Fakat bir ara çamaşırcının kızı takunyalı çıplak ayaklarını çarşı pazar boyundan çekmiş evine de kapanmamış, kimseye görünmemeye çalışarak hemen her gün Arnavutların Bostanı civarında dolaşmaya başlamıştı. Bu bostanın yeri, Beşiktaşta, Ihlamur Caddesi üzerinde, Ihlamura doğru giderken sol kola rastlayan ve zamanımızda Beşiktaş Bahçesi denilen yerdir. 1878 de içinde yirmiye yakın bahçıvan ve yanaşma işler, gâyet mâmur bostandı.

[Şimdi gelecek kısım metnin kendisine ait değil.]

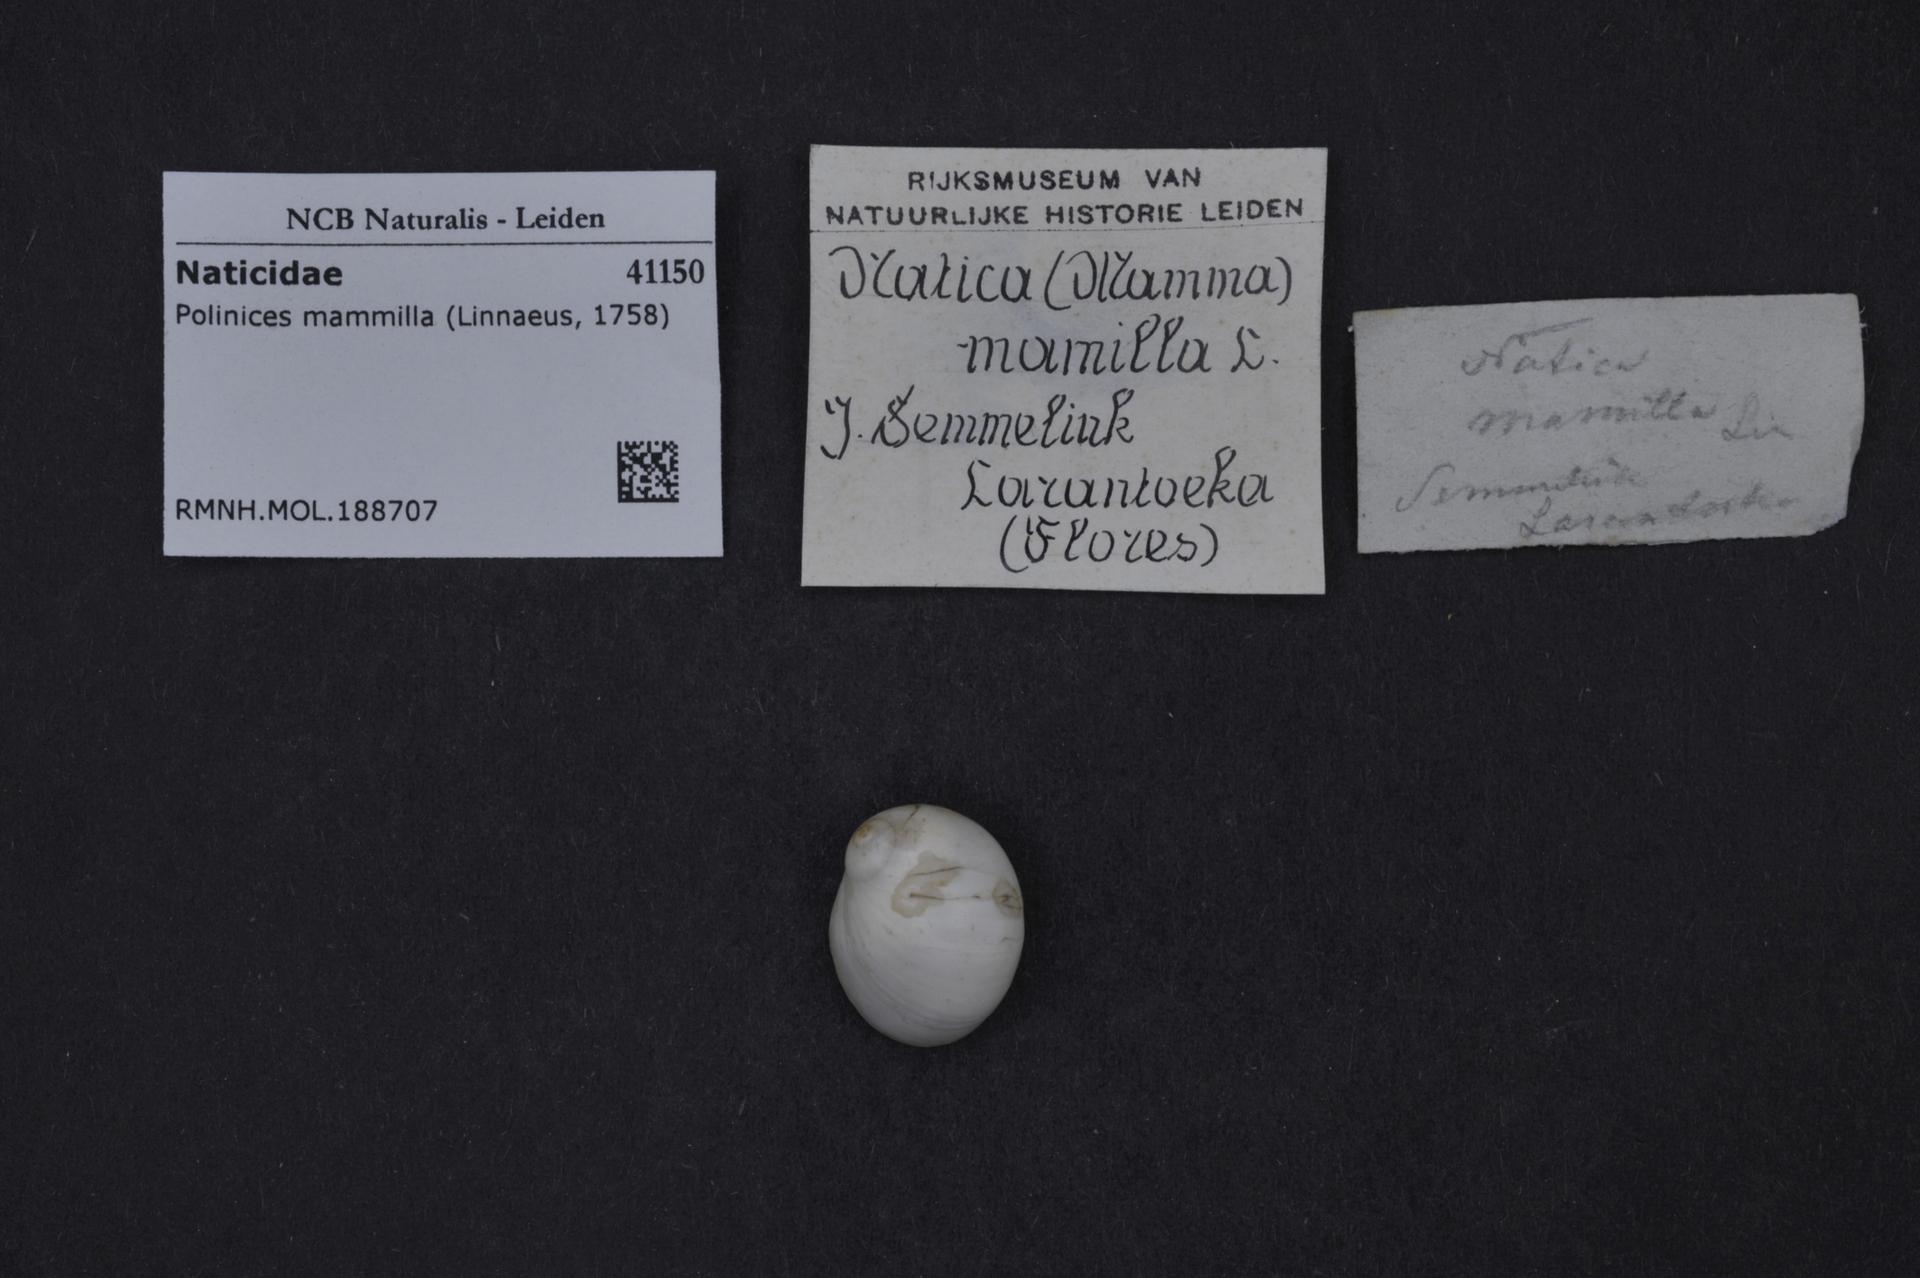 RMNH.MOL.188707 | Polinices mammilla (Linnaeus, 1758)

Kızının tavır ve hareketinde bir durgunluk, âdeta bir hüzün sezen Zehra bir gün çamaşırı bıraktı, Hürmüzün peşine düştü, onun bostanın arka taraflarında dolaştığını gördü. Feleğin çemberinden birkaç defa geçmiş mahalle karısı, derhal nakış aldı. O gün kız döndükten sonra doğrudan bostana gitti, kızını oraya çeken mıknatısı arayıp buldu. Veli adında, ondokuz yaşlarında, bıyıkları yeni terlemiş bir yanaşma Doyranlı tığ gibi bir Arnavut genci idi.

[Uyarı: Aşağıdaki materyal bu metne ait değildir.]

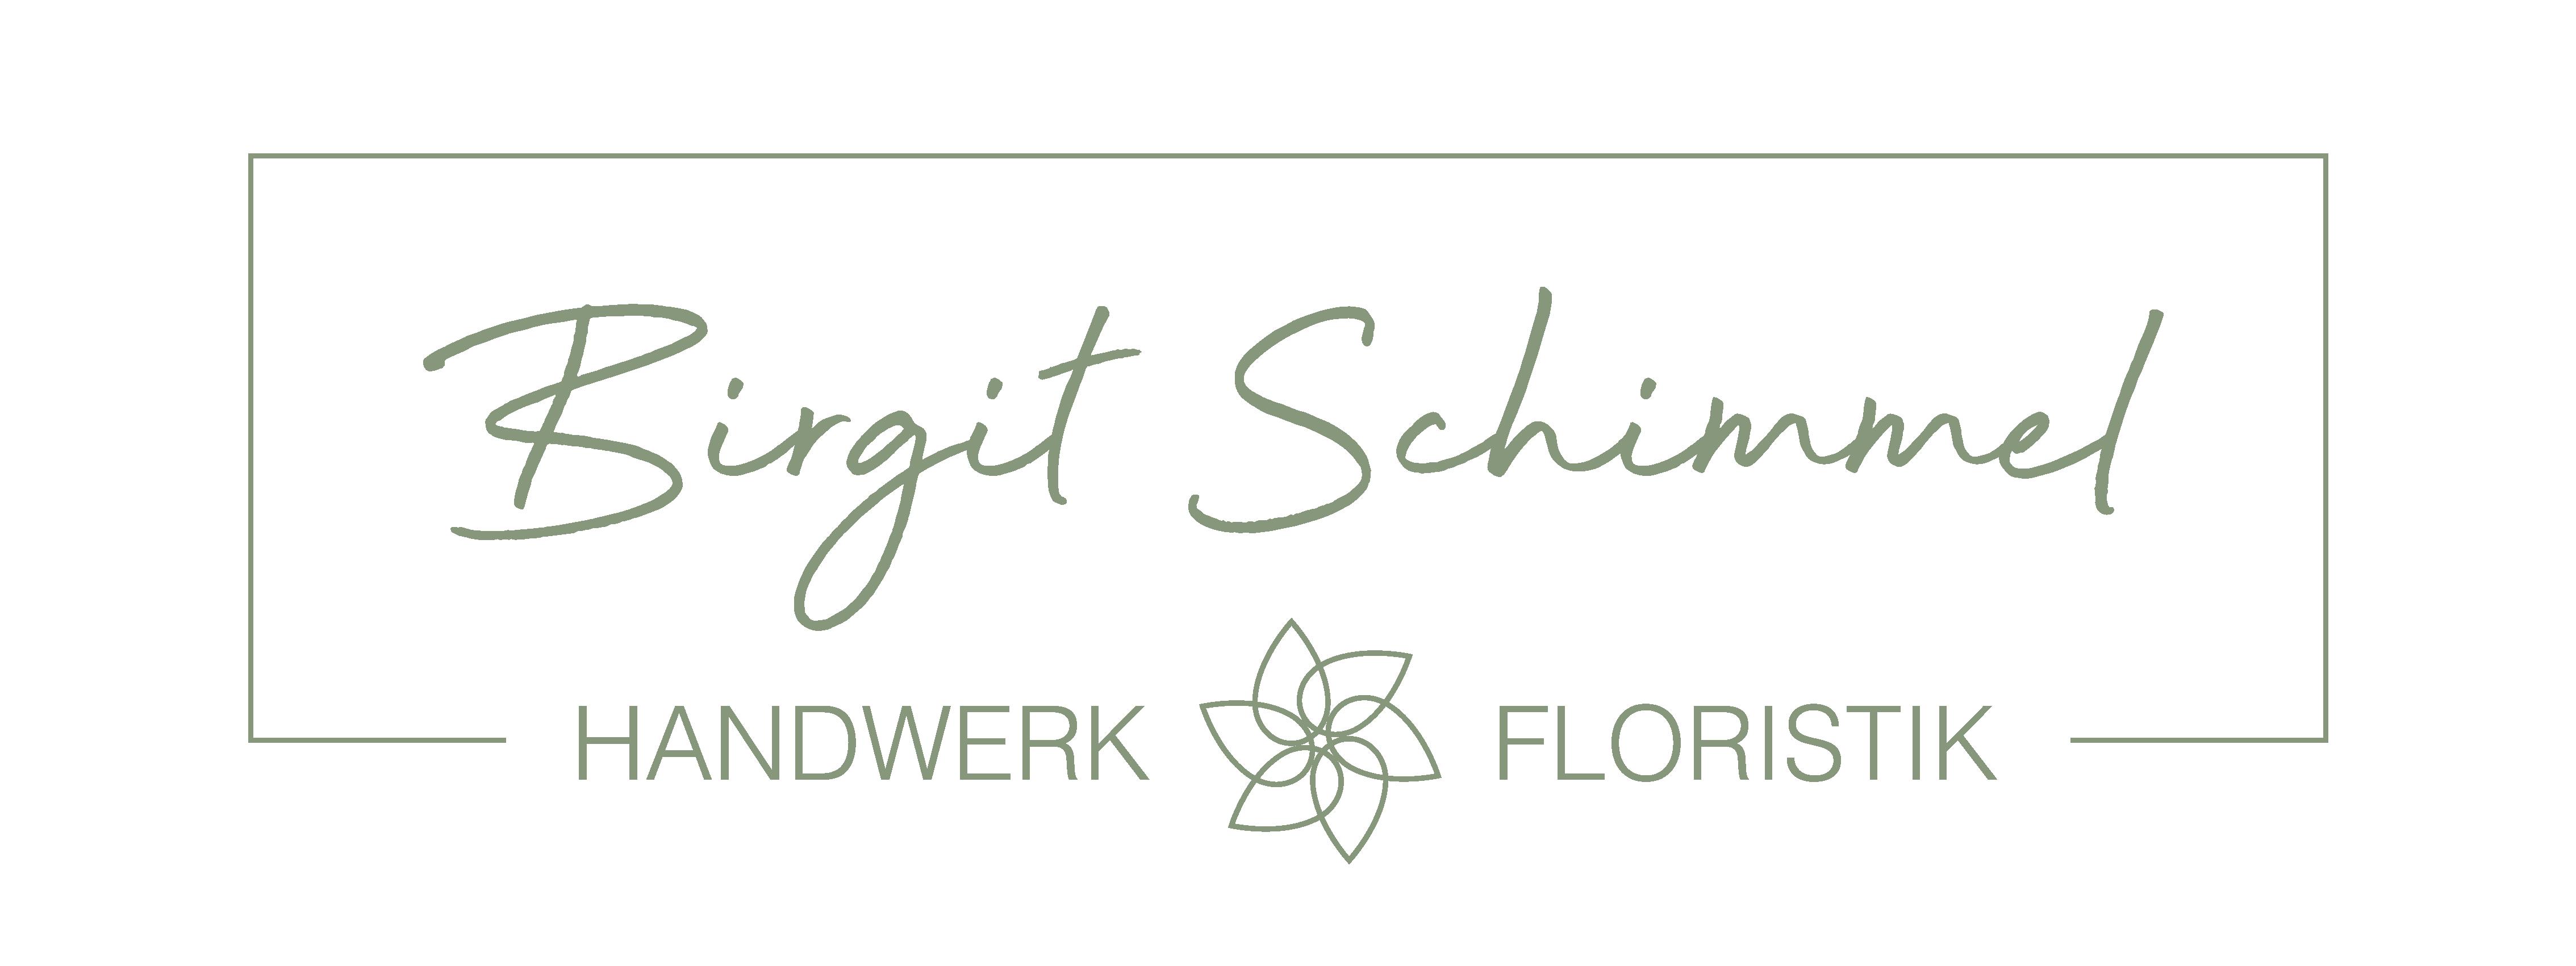 Birgit Schimmel

O devrin adamı Tophâne ketebesinden Üsküdarlı halk şâiri Âşık Râzinin evrakı arasında bulunmuş bir “Bostan Vakası” vardır; Benli Hürmüz bugün, üstünde meçhul bir elin bazıtashihler yaptığı tahmin ettiğimiz bu manzumede yaşıyor:
Benli Hürmüz Beşiktaşın yosması
Nede açmış allı güllü basması
Vişnezâde Çıkmazındadır evi
Babasıyok anasının peyrevi
Elibayraklı Zehrânın kızıdır
Konu komşu ağzının sakızıdır
Yeni girmiş örtüye ol dilrübâ
Gören gencler ona yakıyor aba
Yavru ceylân misâl yaş onbeşinde
Semtin fetâları cümle peşinde
Manav Ahmed Çıkırıkcı Süleyman
Koşarlı uçarlı Fenerci Nûman
Mektebin kalfası mürâhik civan
Saka Mustafa da bir servi revan
Çakır Ali Tersânede neferdir
Kara Mehmed arabacı ejderdir
Yalın ayak yalın yüzlü hamurkâr
Güzellikde melek gibi Zülfikar
Hünkâr hamlacısı Yusuf misâli
Unutma tığ gibi Hallaç Cemali
Şu on tâze eşbeh oğlandan biri
Olacak derlerdi kızın şevheri
Meğer çokdan seçmiş Hürmüz oynaşı
Ateşde kaynarmış mercimek aşı
Anasıyla her sabah bir fırtına
Kopup yeldirmeyi atar sırtına
Yavuklusu bir bağçıvan güzeli
Samurkaş Arnavud Doyranlı Veli
Kız bir içim sudur oğlan bir âfet
Kim arar efendim kılık kıyâfet
Oğlan yalın ayak kız takunyalı
Ne lâzım onlara konakla yalı
Kız oğlana oğlan kıza hayrandır
Âşıklara samanlık da seyrandır
Peşinde gezenler geçse de yüzü
Veliden gayrisi bulmamış yüzü
Velâkin rakibler yolda dikendir
Tatlı aşa tuzla biber ekendir
Hürmüzün âşıkları güzel çamaşırcı kızını çarşı boyunda göremeyince meraka düşerler , Tulumbacı Numan, Zehranın evine gider ve kızın anası ile bir derd ortağı gibi konuşur. Kızın ayağını bostan yolundan kesme işini üzerine alır. Doyranlı Veli denilen yanaşma oğlanla yaşlı bağçıvan arnavudlardan birini bir köşeye çekecek: “Bak delikanlı bizim işimiz merdce, erkekce; önce nasihat, sonra dayak, yine uslanmazsan en sonunda bıçak!. Biz mahallemizin nâmusuna toz kondurmayız!. Ayağını denk al, işte sana önce nasihat, Hürmüzle konuşduğunu duyar, görürsek hâlin dumandır!...” diyecekti.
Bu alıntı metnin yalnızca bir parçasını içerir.